"Semi-serious music by musicians who only take themselves semi-seriously"
AND CLAUDIA?
I confess, the cover did half the work: I liked them even before the record began to spin.
In the booklet and the cardboard strip, other small clues: those stockings and ankles could not betray the expectations.
And then the faces. What characters.
Yes, but Claudia? In the improbable group photo (five outfits on the least cool gang in memory), her hands are visible, intertwined, and a portion of her body in a long black dress.
Yet her name, in addition to that of the group, appears among the credits as a producer alongside leader John Hollenbeck. Who offers her his arm even in the photo.
And it's nice this way, that it remains a mystery.
Whoever Claudia is, I'm sure I would like her too.
SEMI-FORMAL: JUST SO.
Semi-formal is the third album of this atypical quintet.
The previous one, “I”, (2003) I discover was on some USA chart among the top 15 jazz albums.
So I got that one too. But I like this one more.
New York, post-anything.
Jazz? Yes, of course. But also a plausible version of current “chamber” music (how’s Claudia’s chamber?)
And then something that has to do with the nuances of a cross between a modern “progressive” attitude (on the side closer to art rock) and the less overtly hostile and claustrophobic inclinations of certain “contemporary” music.
A mess, you say?
Well, the first surprise is here.
No, really no.
No boiling, deconstructive, pretentious, and disorderly cauldron.
A game of balance, which reveals itself by calmly growing, track by track.
And which gradually abandons the more recognizable forms, becoming something else over time: piece by piece, and then within each piece. Without losing structural coherence. Each piece is an inlay of layers, of atmospheres, a refined game that always includes excellent interaction between the elements.
Oh yes, of course: what do these five gentlemen play?
John Hollenbeck, who signs all the tracks, is a percussionist with numerous projects and collaborations to his name (one among many, that with the adorable Meredith Monk: certain human types sniff each other out) Here he plays drums, percussion, piano, and keyboards.
To support him in this abundant hour of music are the winds (clarinet, tenor sax, baritone horn), an acoustic bass, and guitars, accordion, other keyboards, and a vibraphone.
Handled with skill by the other members, undoubtedly accomplished multi-instrumentalists worthy of the delicate work.
And equipped with that playful attitude that John Hollenbeck openly declares on his site.
Almost intangible at times, yet dense with tiny sounds: so it is, sometimes, the music of The Claudia Quintet.
At other times it tangles up wildly, becomes uneven and frantic, only to veer in other directions.

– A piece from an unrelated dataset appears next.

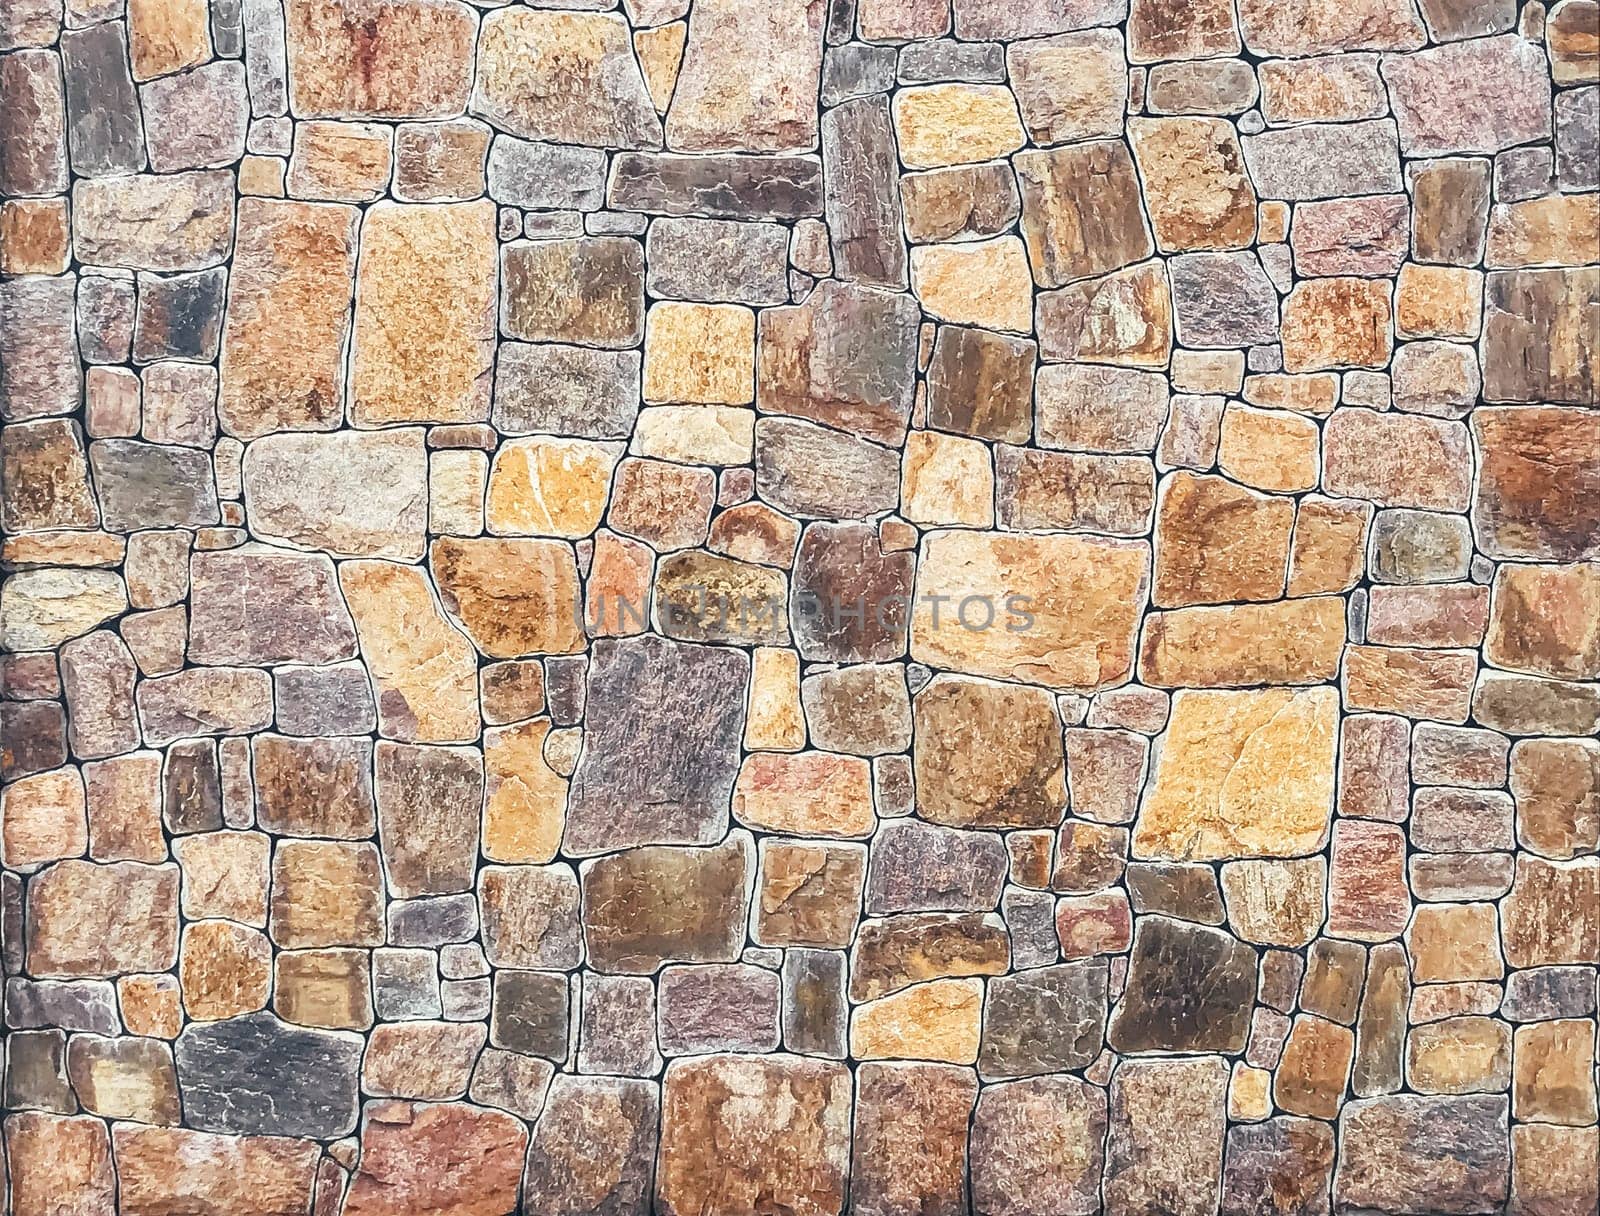 A wall made of stone blocks with a brown and tan color by Alla_Morozova93
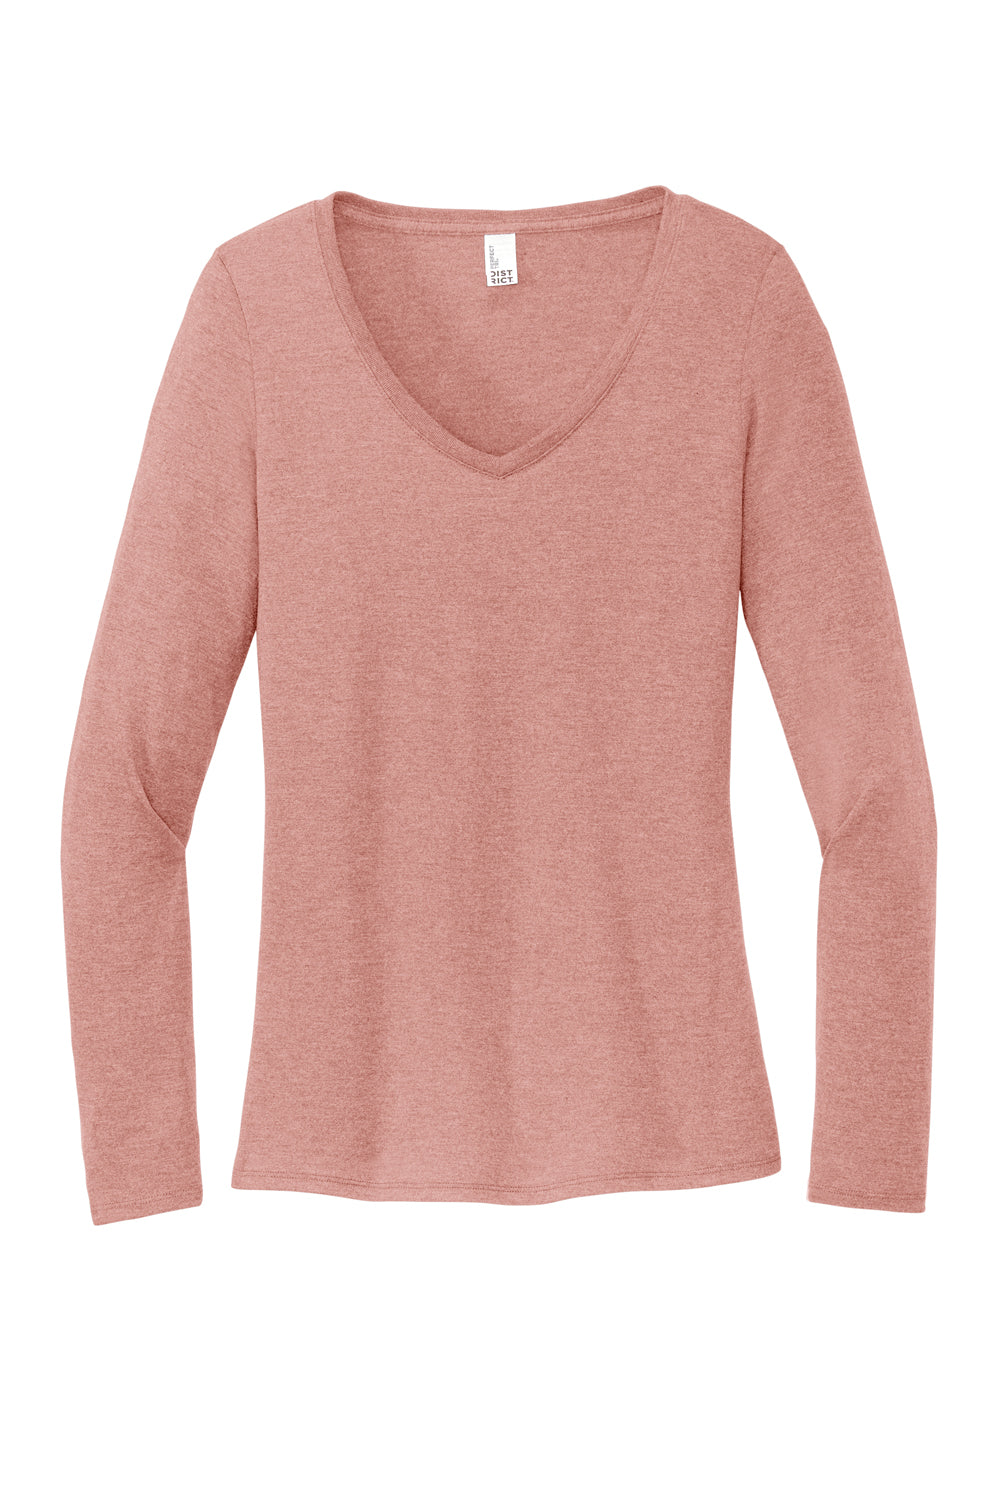 District DT135 Womens Perfect Tri Long Sleeve V-Neck T-Shirt Blush Frost Flat Front

As I write this line, I'm in “Limp Mint”, a sort of ambient that began with the sinuous dialogue between bass and vibraphone and then, encountering the percussion, turned towards the subtle unease of the winds in a suspension between woodland and urban nocturnal, again lit with intermittent crystalline brightness.
LIGHTNESS AND ELEGANCE. THE SECRET OF AN APPARENT SIMPLICITY.
What captures me at every listening is the development of the tracks, which doesn’t rely on traps or surprises, but is a concatenation of constant, little ongoing surprises.
When it dilutes and makes the sonic texture rarefied, only to traverse it with slight timbral and rhythmic variations. Or when it proceeds by accumulation, in the collision between lines that seem to travel in opposite directions.
Even where it resorts to a nearly minimalist matrix repetition (now I’ve ended inside “Boy With a Bag and His Guardian”, splendid) there is, however, an unusual “melodic” sense crossing its fabric.
Claudia's combo seems to exercise a form of elegant controlled “abstract expressionism,” with an elusive humor that makes the stratification of fragments cohesive in an approach that might otherwise seem almost conceptual.
But let’s immediately close with the references to “contemporary” art.
Because certain references risk constituting an oversized and “heavy” frame for the picture painted by the New York quintet, which remains absolutely enjoyable.
The kind you really replay to discover the delicate yet effective balance, the expressivity that emanates from the refined attention to the sounds, their color, the blend between the electric and the acoustic ones, even in the not rare moments of energetic and restless almost free intersections.
And rediscovering the particular and brilliant writing, which makes all 13 tracks subtly concrete but almost elusive, preventing their unusual, playful and mysterious charm from being exhausted on the first listening.
In short, I really like this album.
A possible declination of that indefinable matter we still call jazz, but which spreads like a liquid assuming the most unexpected forms, in New York, has taken the guise of 5 funny gentlemen carrying a woman's name on their banner.
I'm rooting for them.
That elsewhere other trumpets may clap, other heroes bellow convulsively: here they will not be able to cover the sound of Claudia.